____ DATA SEGMENT

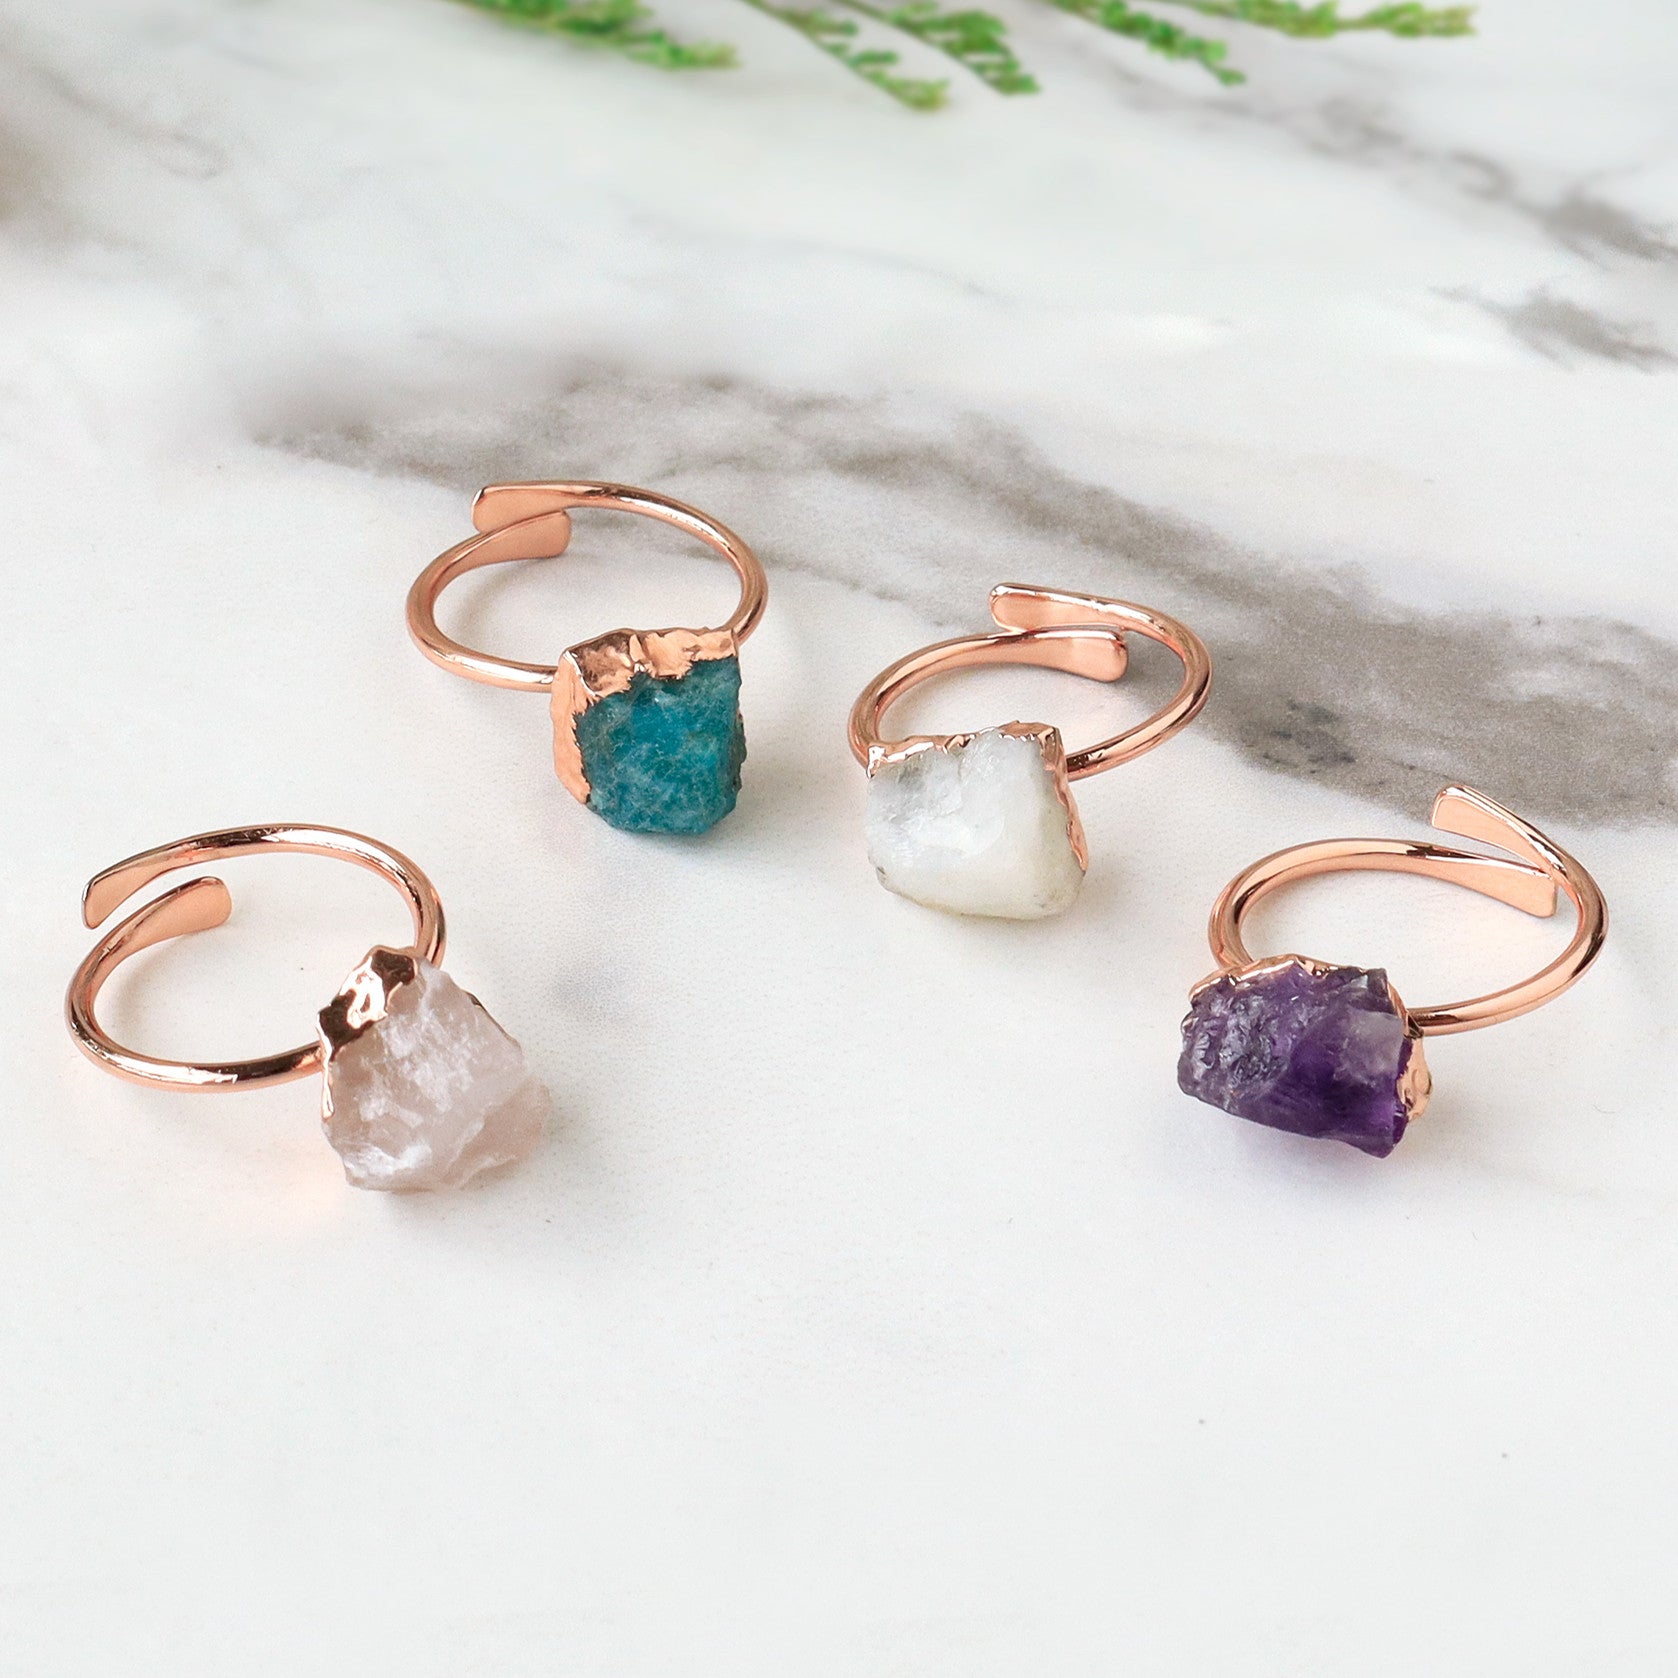 Rose Gold Plated Rainbow Gemstone Ring, Adjustable, Raw Healing Crystal Stone Ring, Birthstone Jewelry Ring BT013
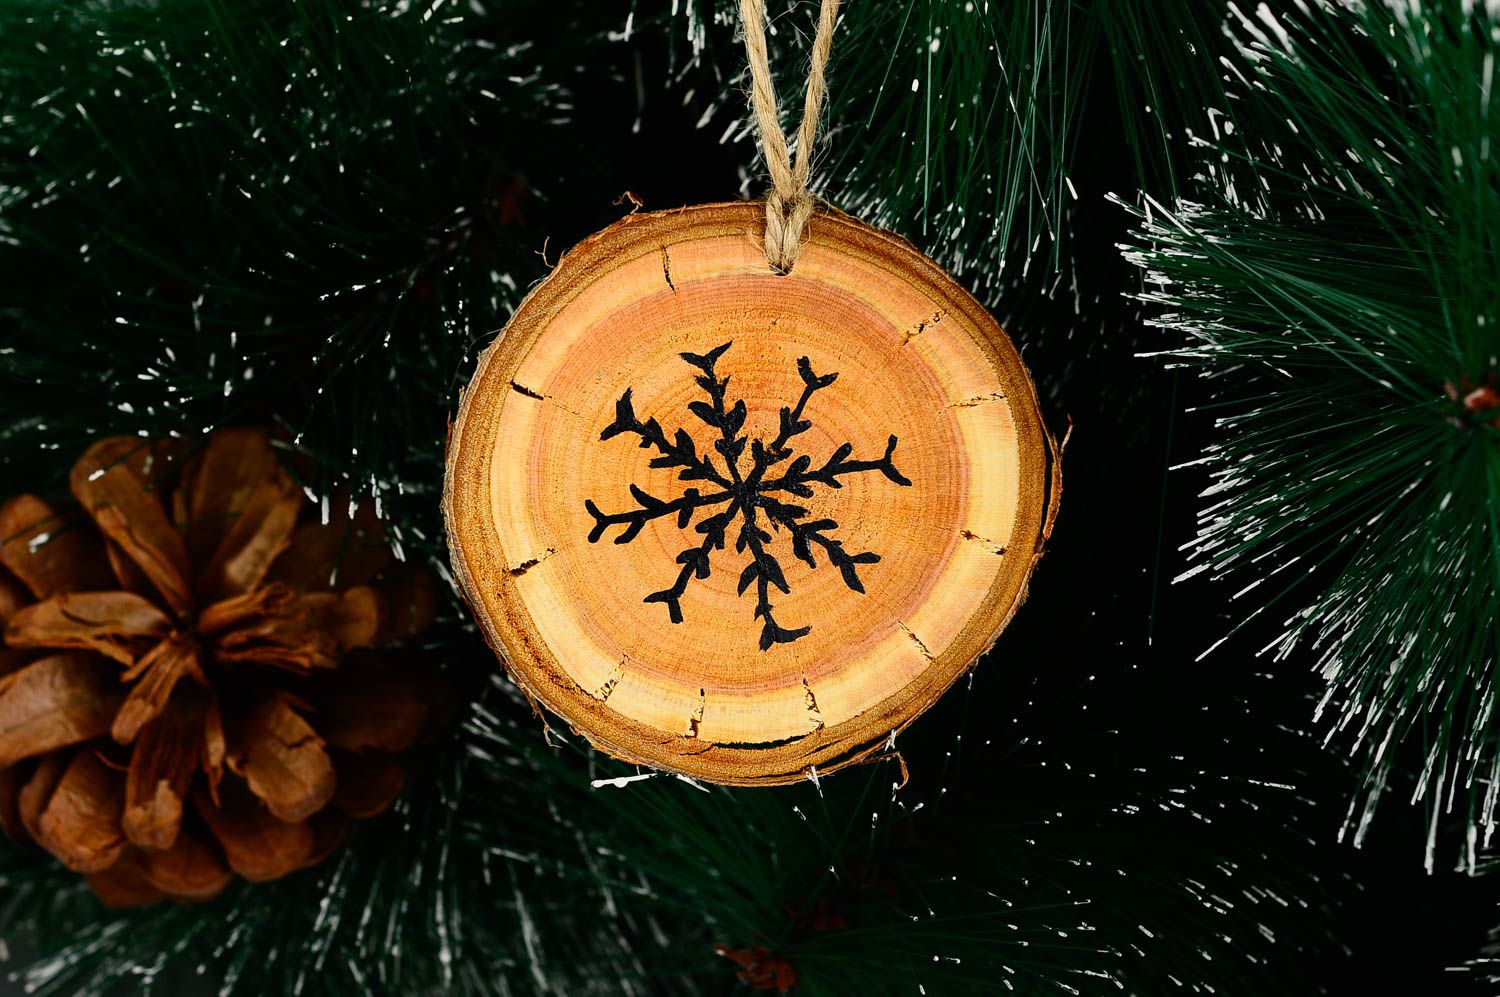 Wooden Christmas tree toy handmade decor ideas home decor decorative use only photo 1
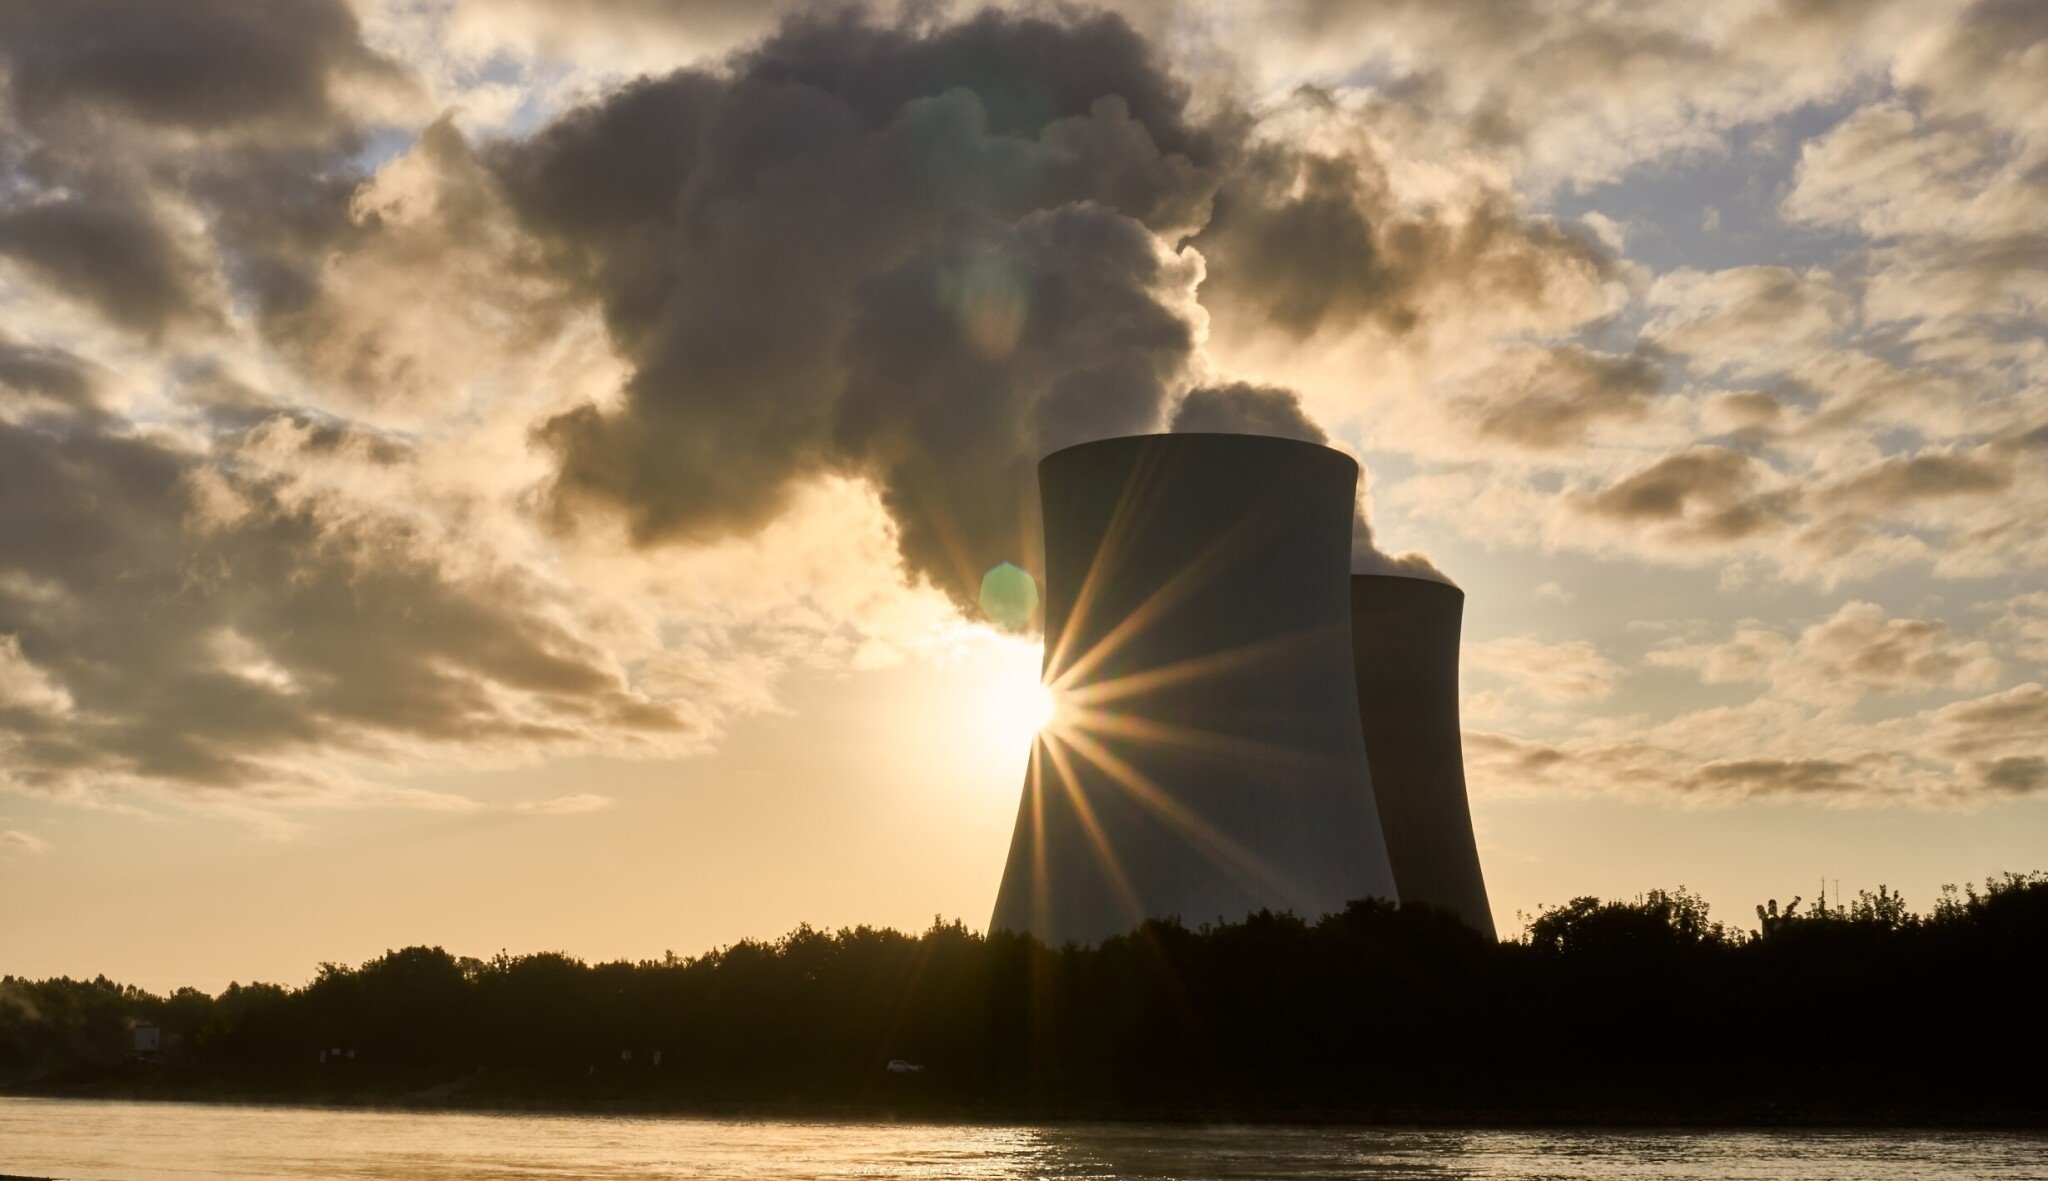 Nový jaderný reaktor v KLDR? Mezinárodní agentura zpozorovala aktivitu
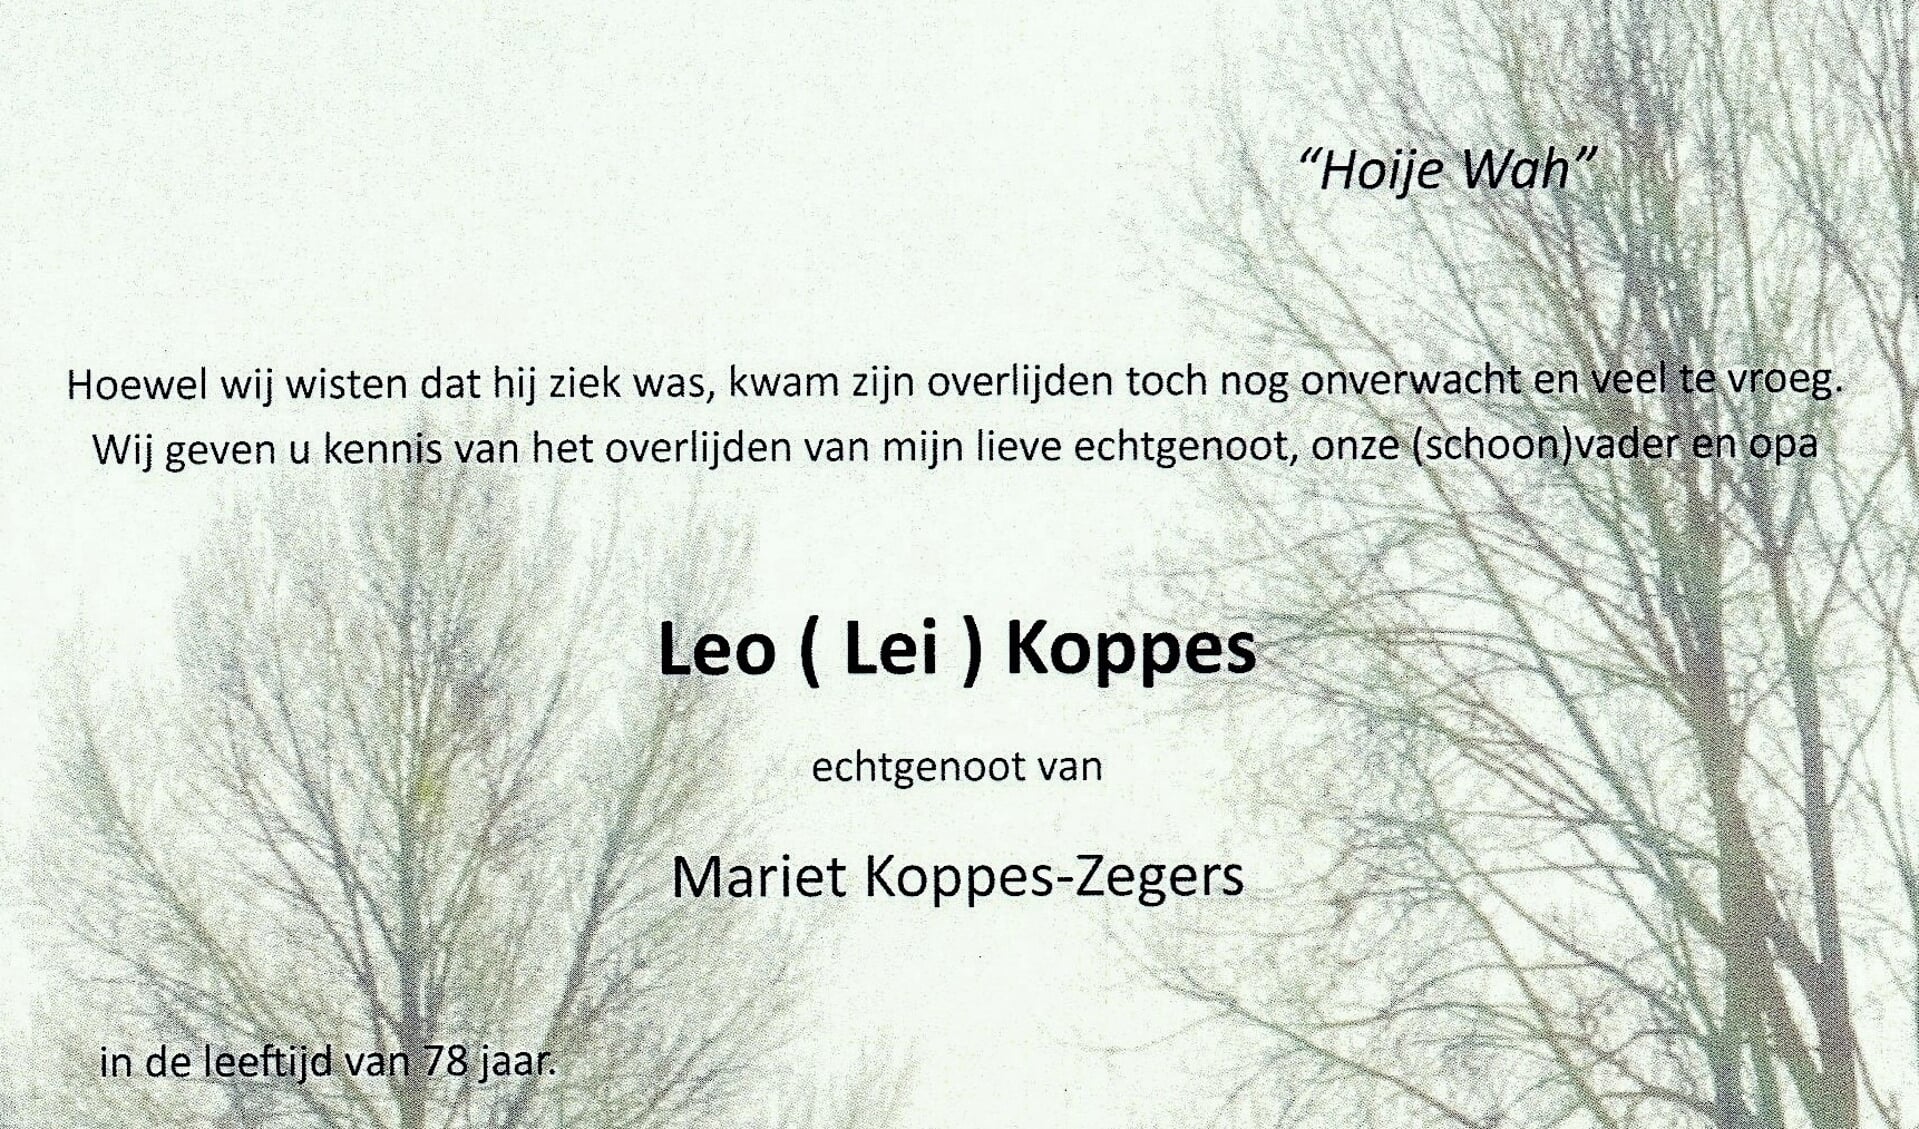 Leo Koppes is op 12 november 2020 overleden

________

(TASK):
Give the lines from the one containing "Wooden Christmas tree" through the final line of the material again, exactly and in full, but without pictures.

(YOUR SOLUTION):
 Wooden Christmas tree toy handmade decor ideas home decor decorative use only photo 1
 Nový jaderný reaktor v KLDR? Mezinárodní agentura zpozorovala aktivitu
 Leo Koppes is op 12 november 2020 overleden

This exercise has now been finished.